### PROVIDED MATERIAL
----
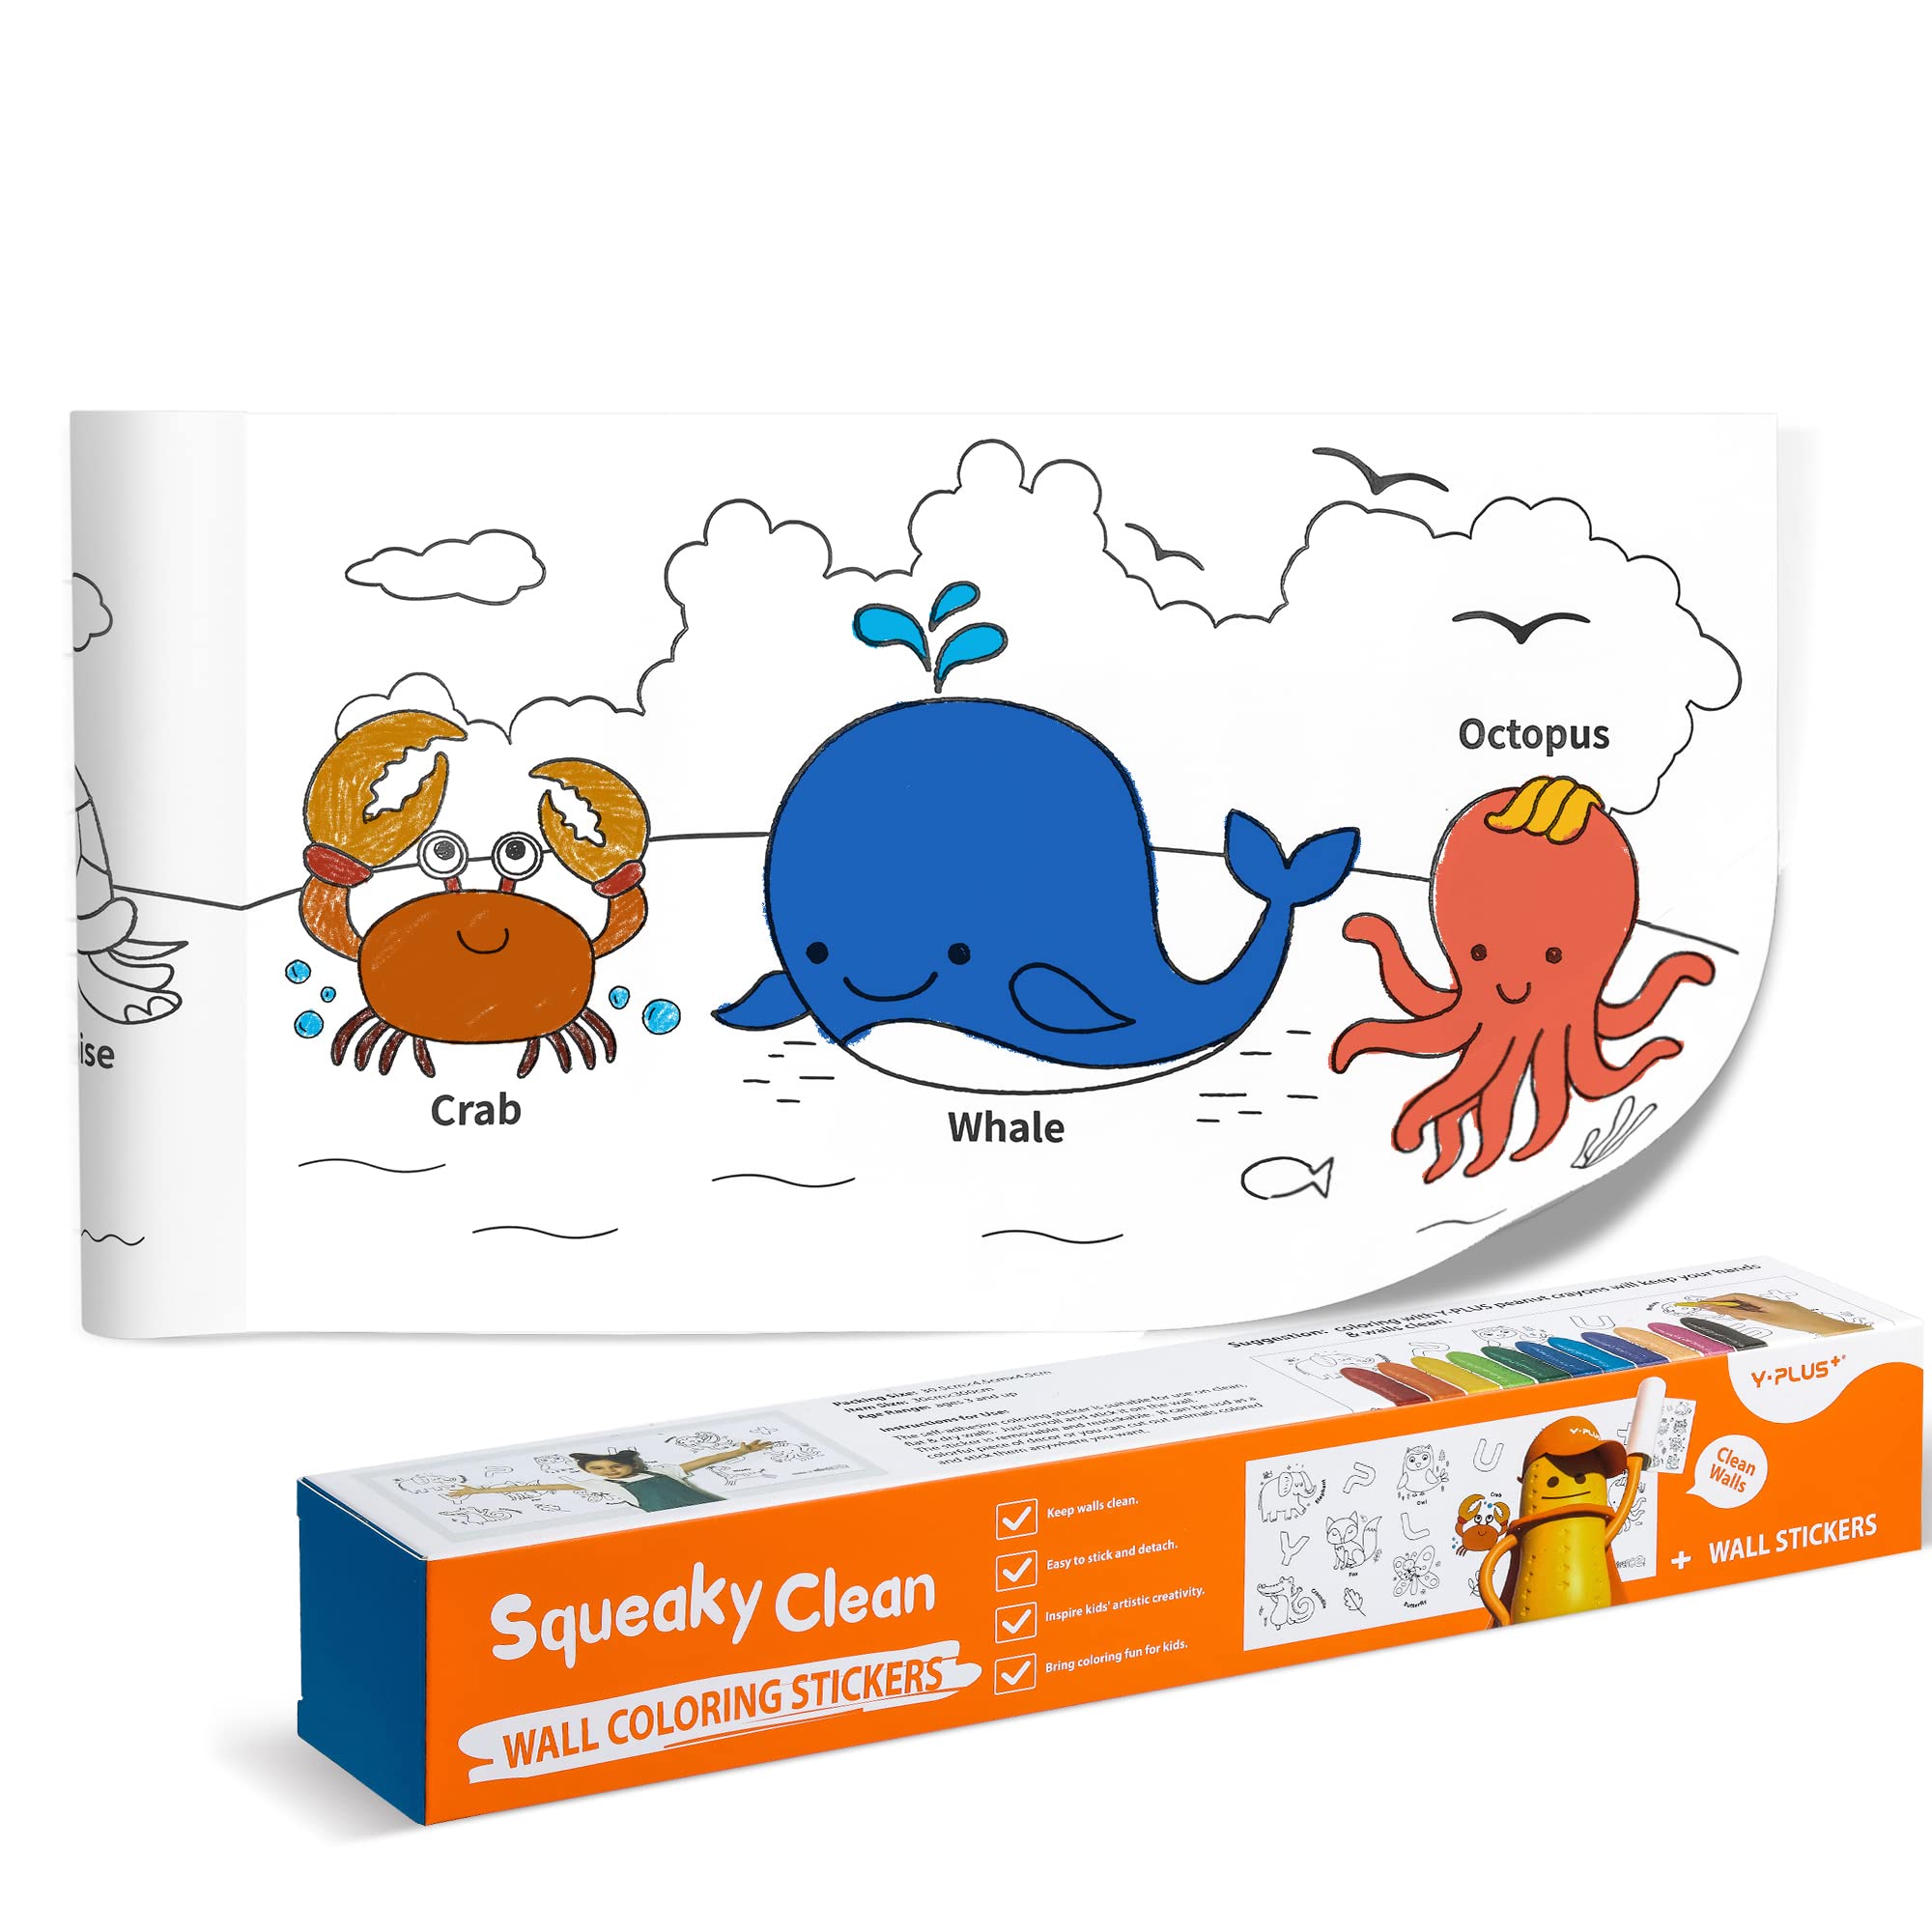 Kids Drawing Paper Large Coloring Roll From Continuous Continuous
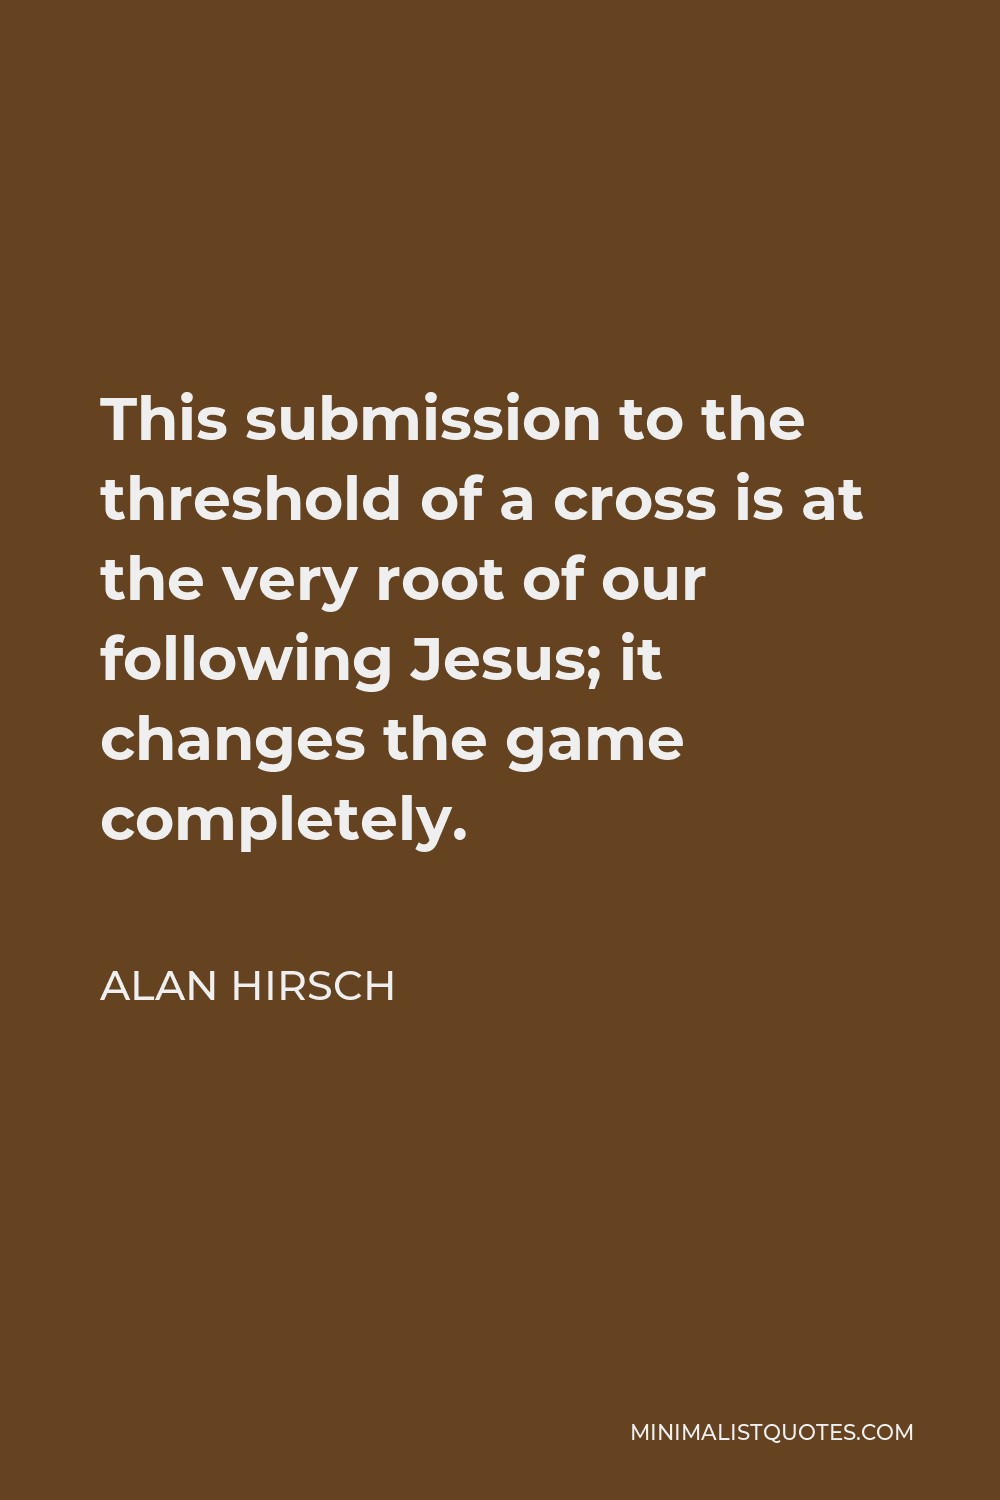 Alan Hirsch Quote - This submission to the threshold of a cross is at the very root of our following Jesus; it changes the game completely.
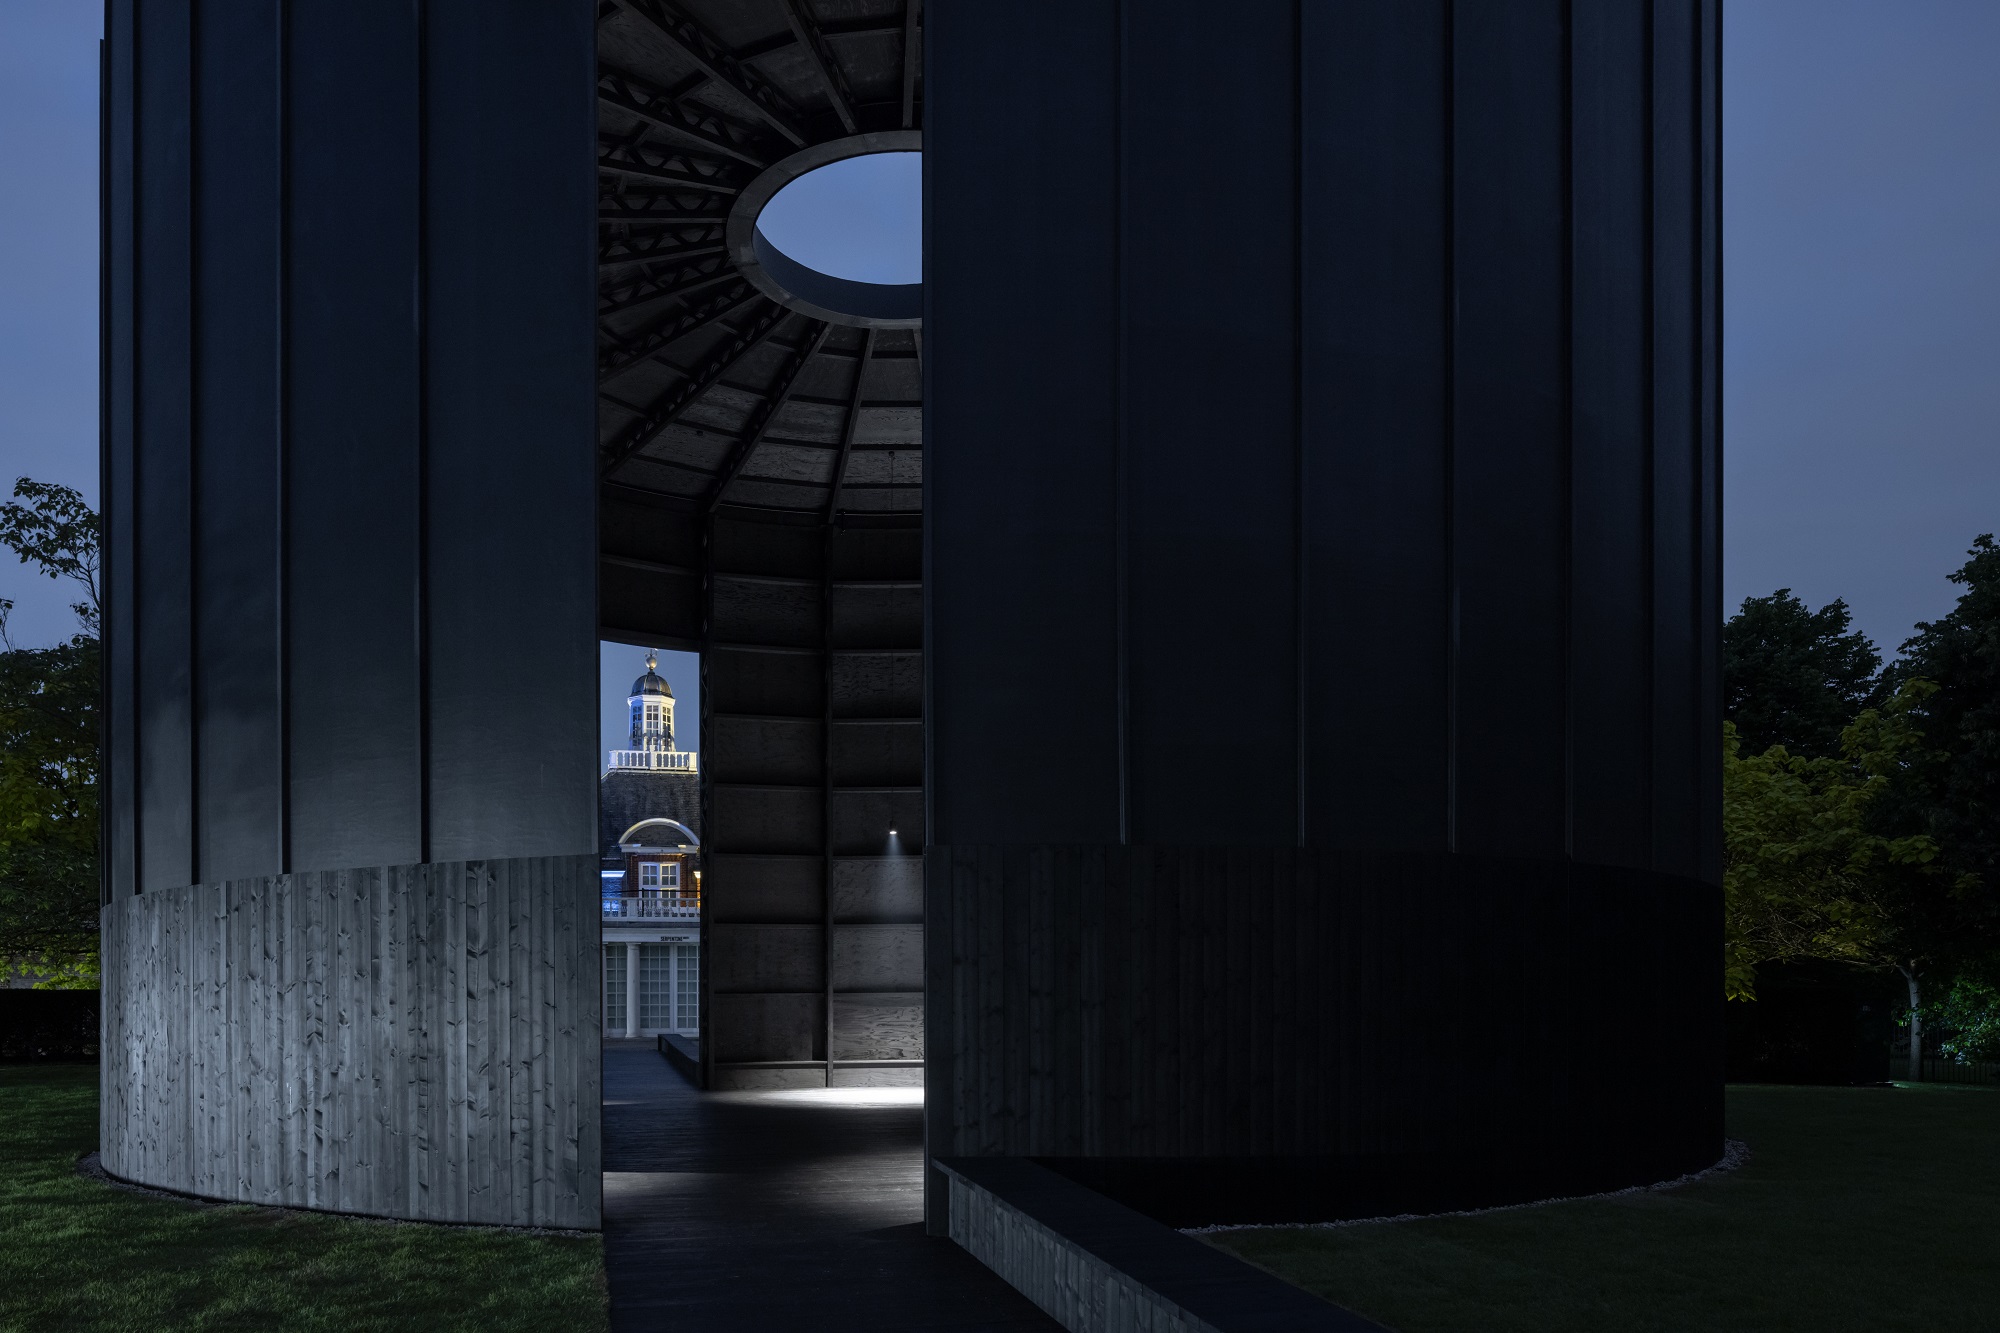 21st Serpentine Pavilion Officially Released, Featuring Theaster Gates' "Black Chapel"
----
### YOUR ASSIGNMENT
Without including any picture, repeat the data exactly.

### EXPECTED OUTPUT
 Kids Drawing Paper Large Coloring Roll From Continuous Continuous
 Alan Hirsch Quote - This submission to the threshold of a cross is at the very root of our following Jesus; it changes the game completely.
 21st Serpentine Pavilion Officially Released, Featuring Theaster Gates' "Black Chapel"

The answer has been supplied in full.